“… most everything I have ever learned, including how to
write, I picked up at Black Mountain College …”
■ Michael Rumaker
Early June 1952
McCarthy amok –
Michael Rumaker, nee Romejko,
apostate Catholic,
South Philly exile, queer,
on the lam, in search of sanctuary,
breaches the Continental Divide
at the climax of Old Fort Mountain.
Counties McDowell and Buncombe
marry in dawn rime. Black bears
roam red spruce and Fraser Fir.
Wildcats cry. At such altitude,
blossoms fruit late on the cane.
Frost whispers. Clouds mass.
Michael divines omen
in the beckoning: Blue Ridge,
Black Mountain Range,
beyond a billion years extant –
the place he’s glimpsed but in visions.
He travels State Street into the village,
somehow finds, by sheer desire,
secreted off Hwy. 70,
the scarred macadam:
nameless save for numbers on a stob,
queued with ancient split rail, Levitical
hardwoods, columbine, turkey beard,
may-apple, fire pink – rainforest lush.
A stranger, toting his pittance,
bindle and traps, he yearns to scriven:
In the beginning was the word …
Through the gate, he crosses
the baseball diamond.
The last of its dandelions
gone white sway.
By the Round House,
then to the Quiet House
where he genuflects,
absolved in the ether.
Across Lake Eden, shrouded
in mist, glitters the Studies Building.
Upon its pylons,
Charlot’s murals bide oracular.
Michael shields his eyes, evangelized.
The Seven Sisters drape
in morning-blue shawls.
■ Joseph Bathanti
Joseph Bathanti is the former North Carolina Poet Laureate (2012-14) and recipient of the North Carolina Award in Literature, the state’s highest civilian honor.
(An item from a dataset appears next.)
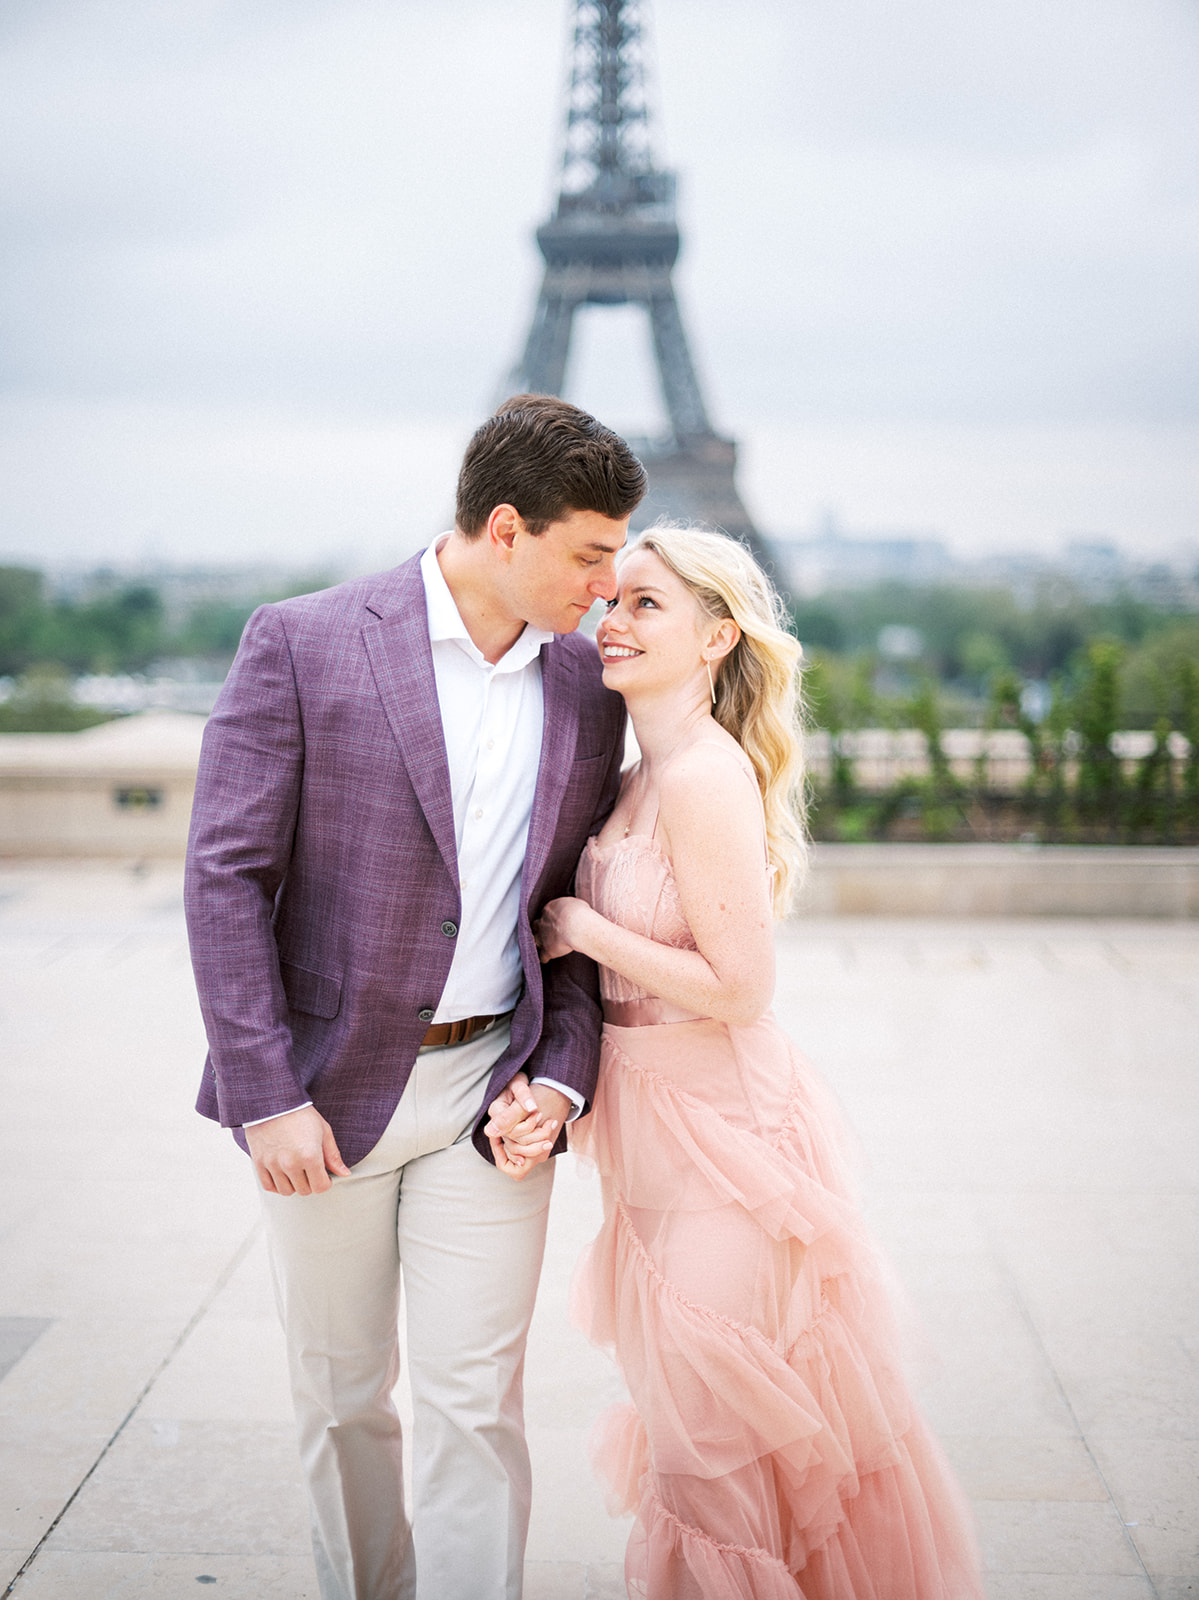 Couple nestled close to one another with Eiffel Tower in the background.

The author of over twenty books, Bathanti is McFarlane Family Distinguished Professor of Interdisciplinary Education at Appalachian State University. He will be inducted into the North Carolina Literary Hall of Fame in October of 2024. In 1992, he became close friends with BMC writer Fielding Dawson and, for the remaining years of Dawson’s life, Bathanti and Dawson offered creative writing workshops every spring to prisoners confined by the NC Department of Correction.